**Data block:**
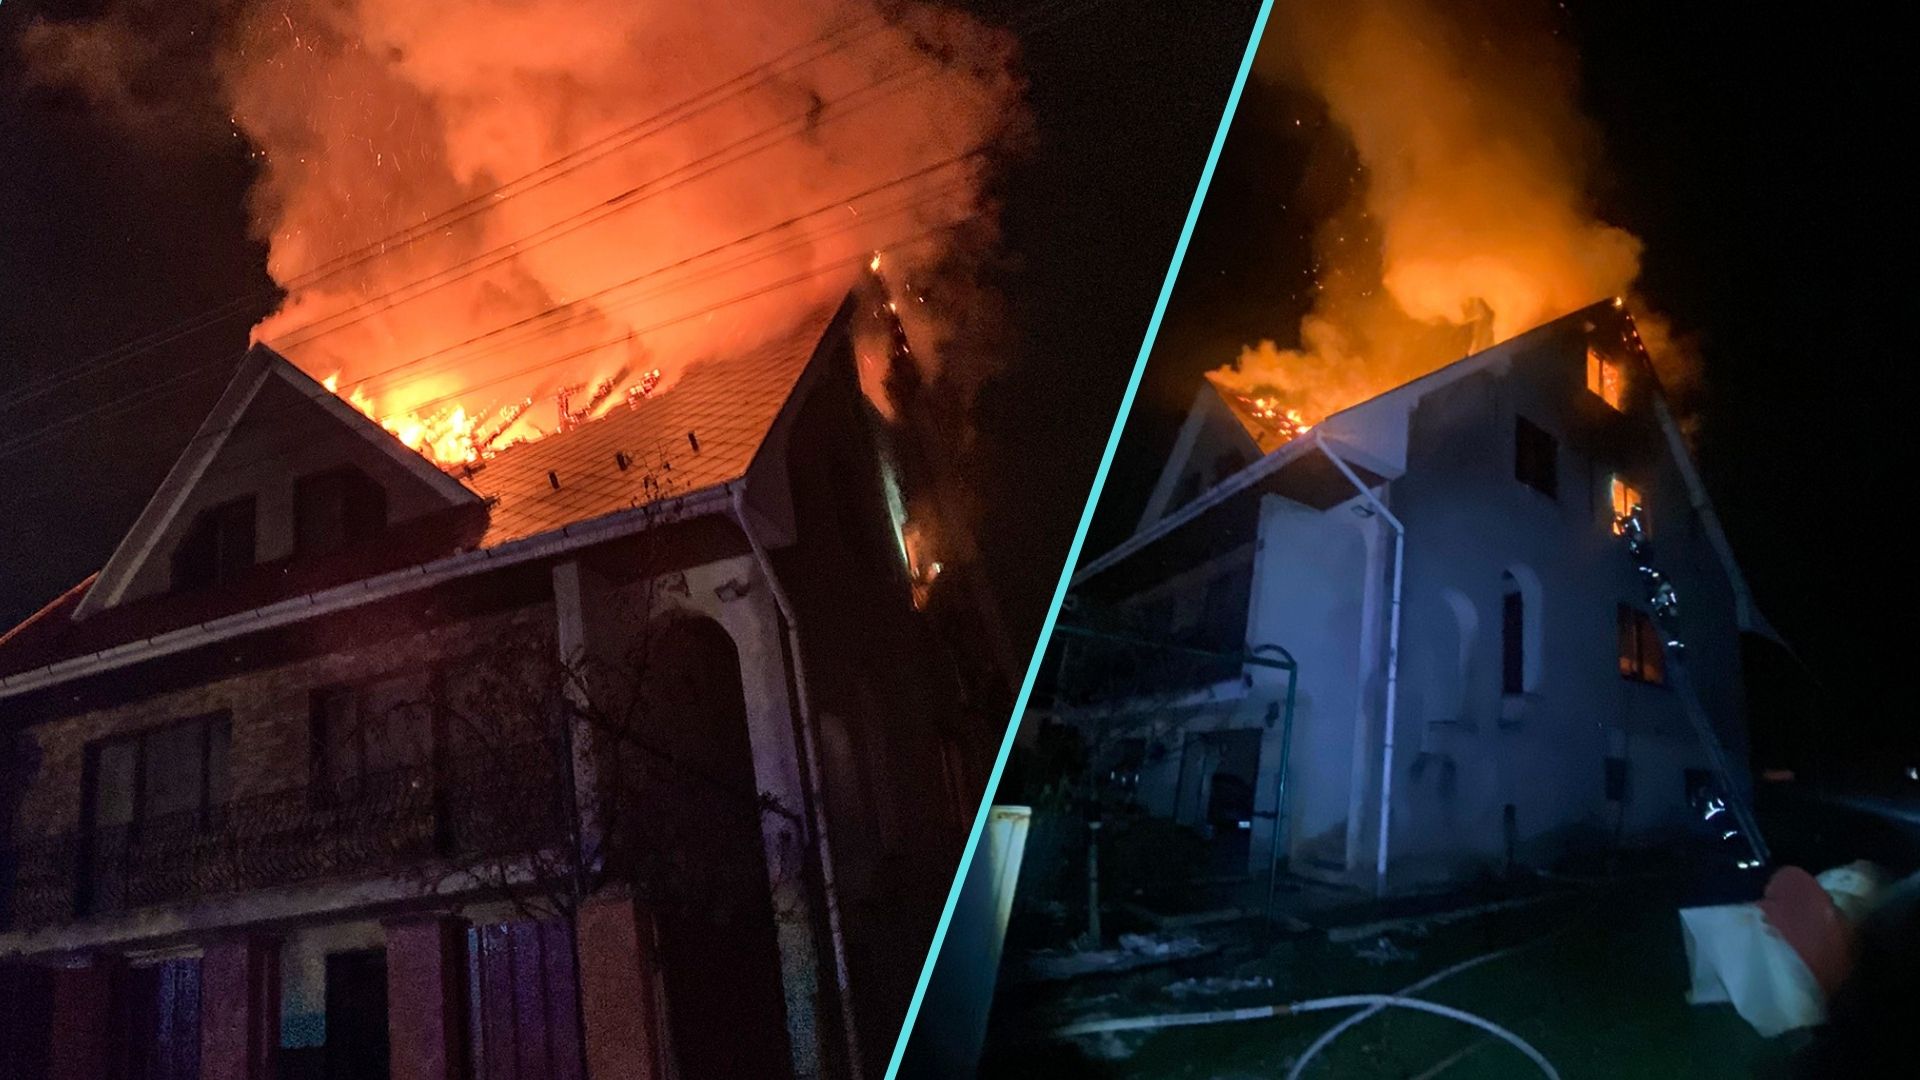 29 листопада о 20:19 в селі Великі Лази Ужгородського району сталася пожежа у триповерховому будинку.
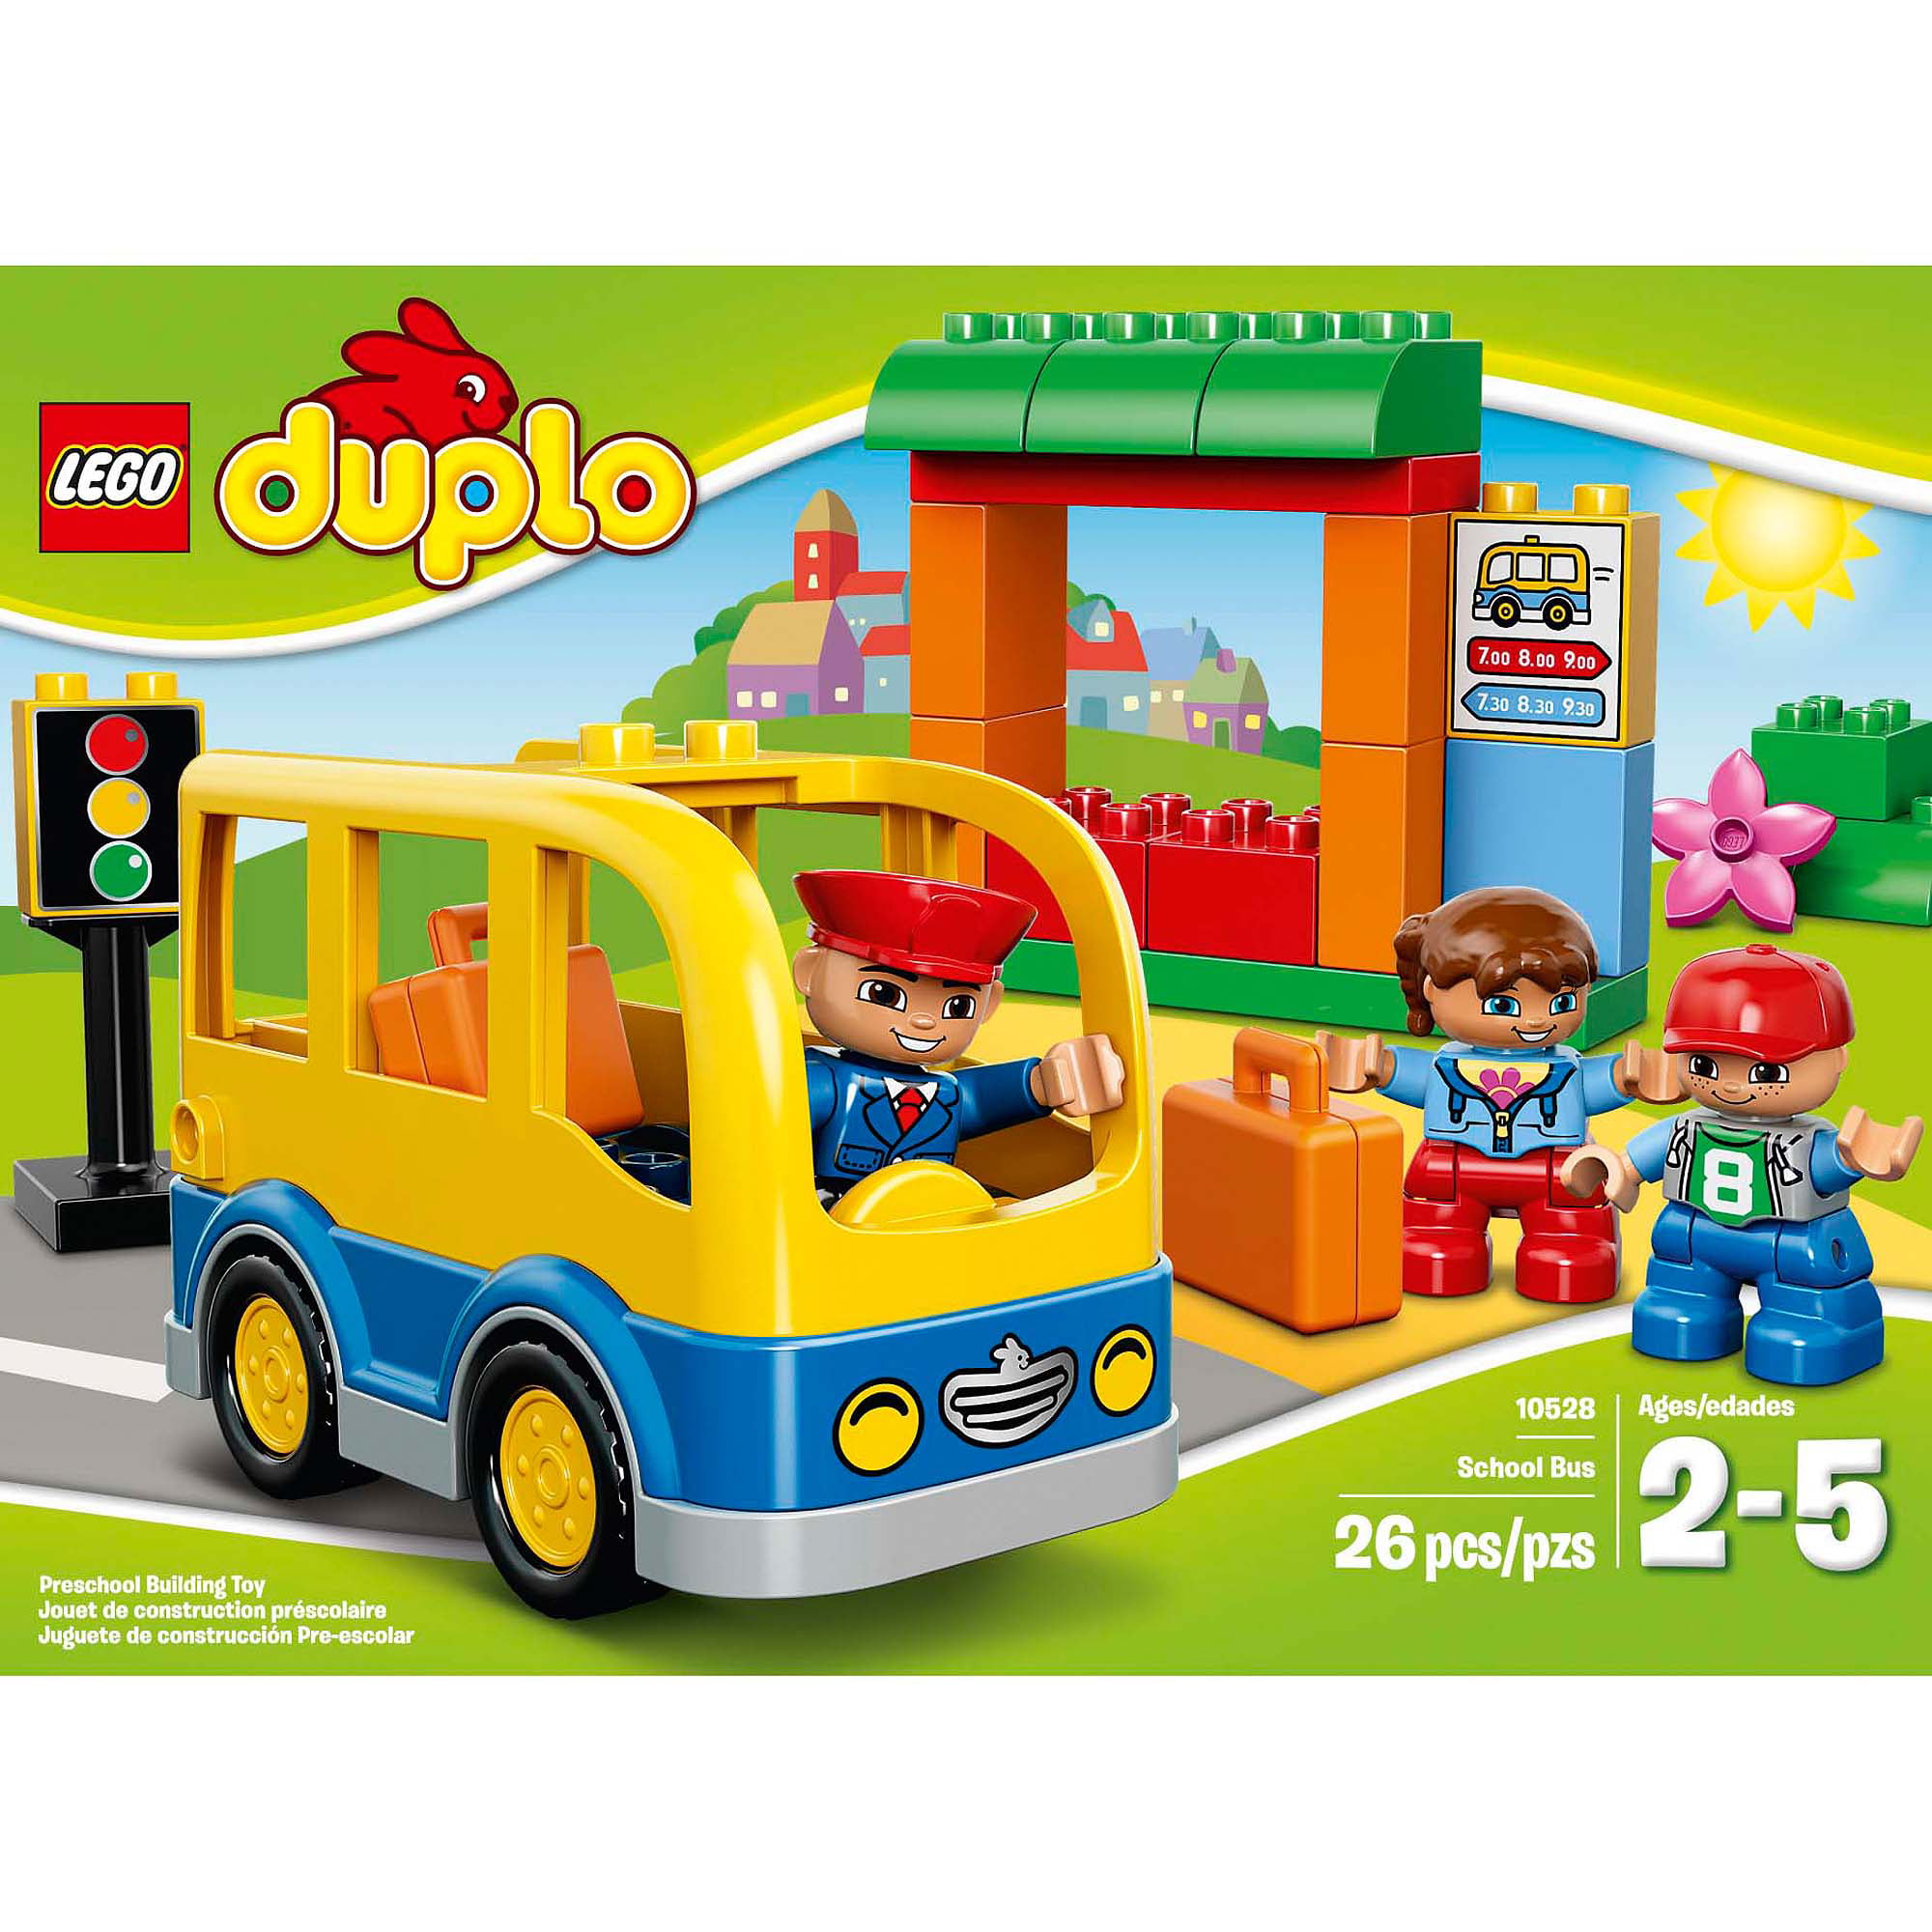 Vægt Ved daggry positur LEGO DUPLO Town School Bus - Walmart.com
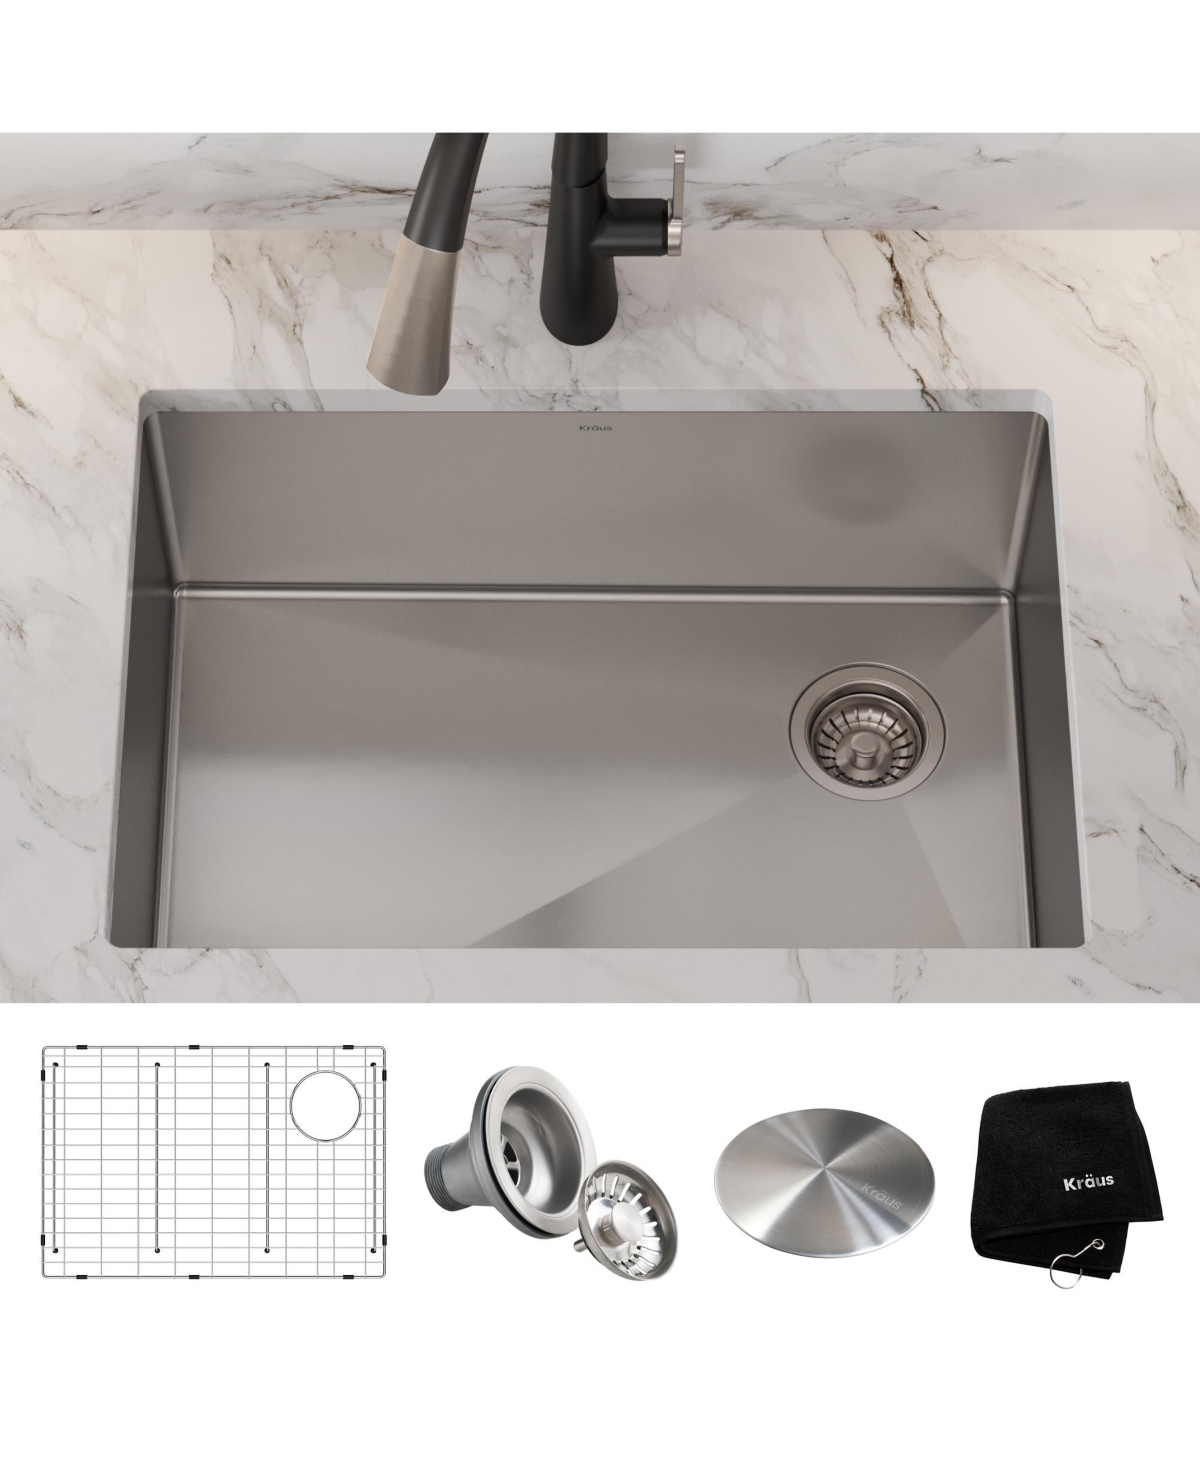 Standart Pro 27 in. 16 Gauge Undermount Single Bowl Stainless Steel Kitchen Sink - Stainless steel
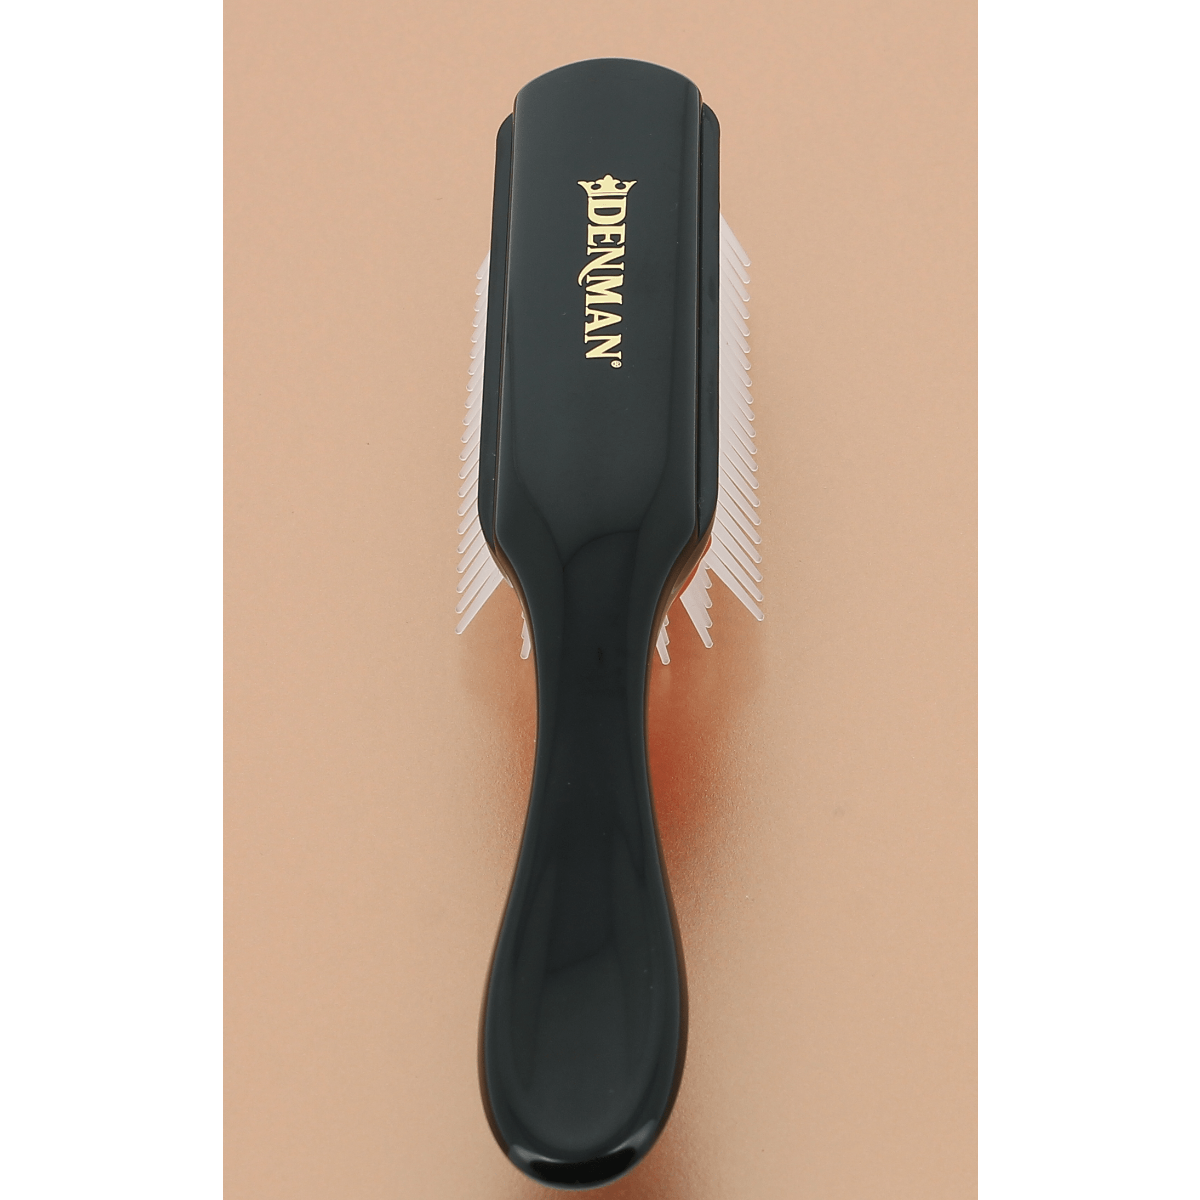 Buy Denman D3 Medium Styling Brush | Salon Wholesale

**Problem to work on:** Once the pictures are set aside, give every line above again without alteration.

**Response:**
 29 листопада о 20:19 в селі Великі Лази Ужгородського району сталася пожежа у триповерховому будинку.
 Vægt Ved daggry positur LEGO DUPLO Town School Bus - Walmart.com
 Standart Pro 27 in. 16 Gauge Undermount Single Bowl Stainless Steel Kitchen Sink - Stainless steel
 Buy Denman D3 Medium Styling Brush | Salon Wholesale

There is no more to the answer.